#### Data extract

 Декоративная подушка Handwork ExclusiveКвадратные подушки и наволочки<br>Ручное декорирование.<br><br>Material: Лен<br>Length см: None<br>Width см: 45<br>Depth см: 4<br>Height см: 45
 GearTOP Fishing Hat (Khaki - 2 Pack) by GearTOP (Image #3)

########
#### Data extract

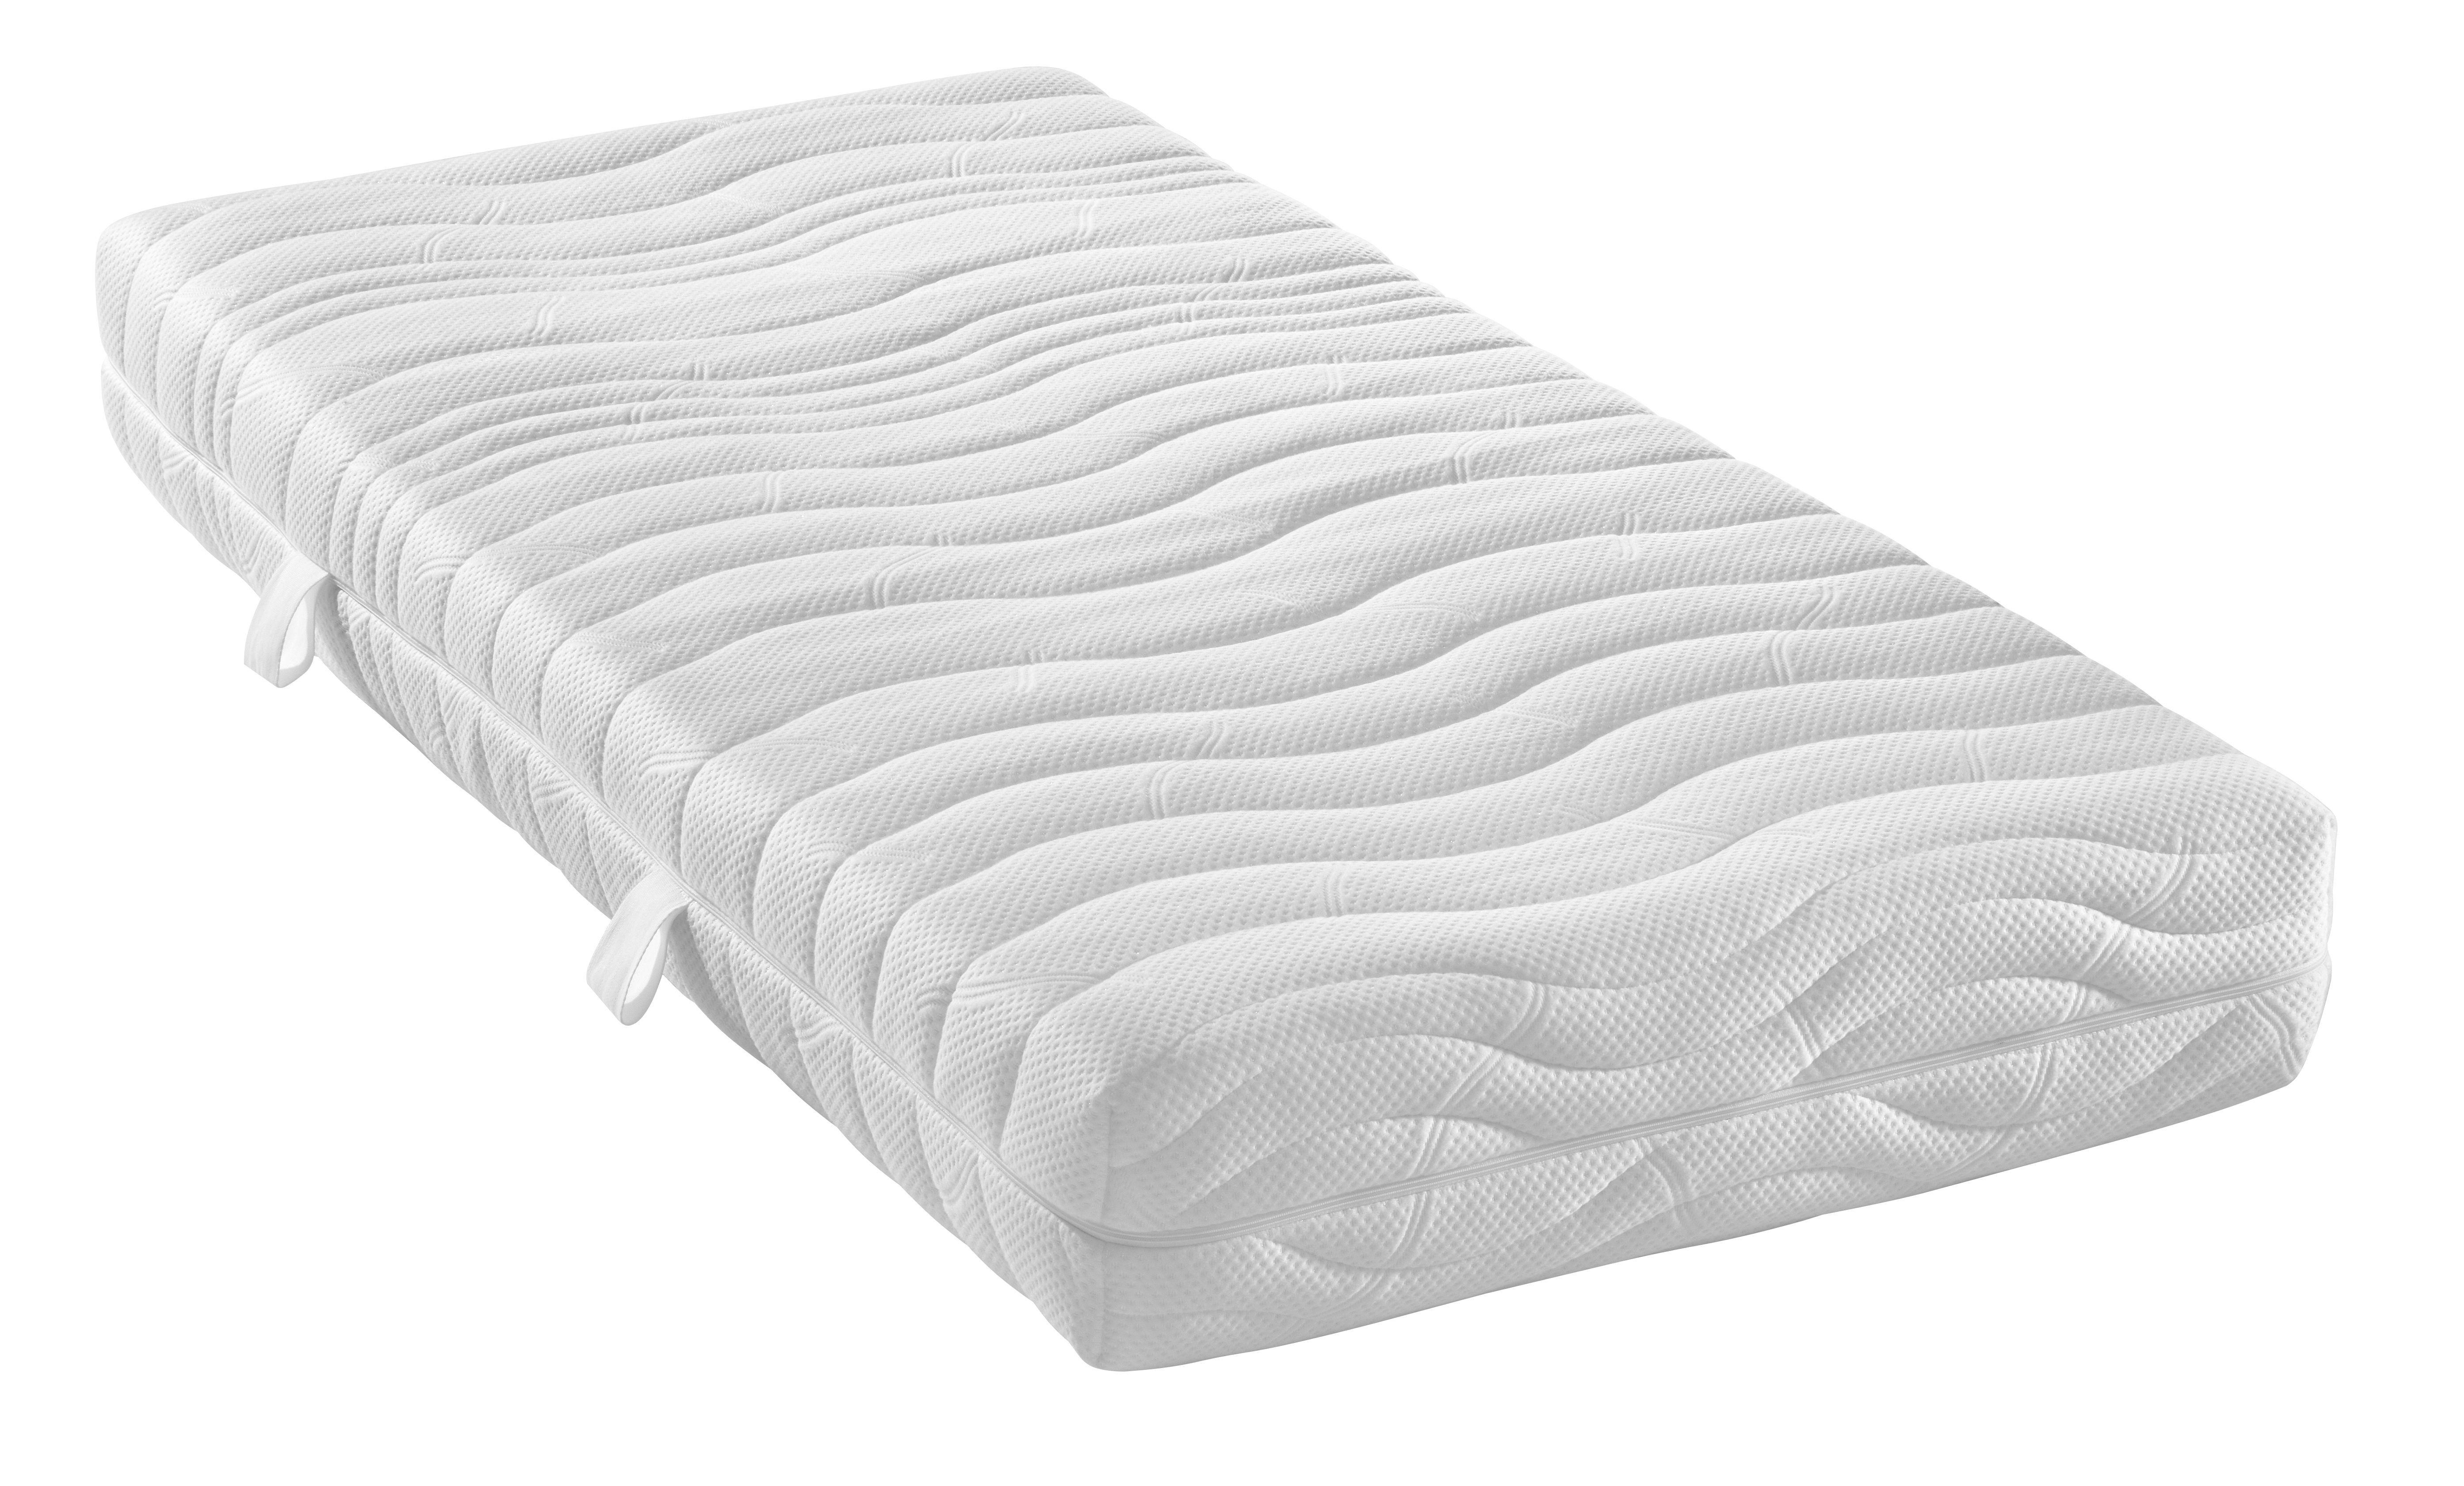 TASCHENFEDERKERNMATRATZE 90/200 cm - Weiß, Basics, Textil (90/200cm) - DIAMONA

########

Problem details:
Could you transcribe the entries above word for word, from the line with "Декоративная подушка Handwork" down to the line with "GearTOP Fishing Hat", keeping both?

Expected answer:
 Декоративная подушка Handwork ExclusiveКвадратные подушки и наволочки<br>Ручное декорирование.<br><br>Material: Лен<br>Length см: None<br>Width см: 45<br>Depth см: 4<br>Height см: 45
 GearTOP Fishing Hat (Khaki - 2 Pack) by GearTOP (Image #3)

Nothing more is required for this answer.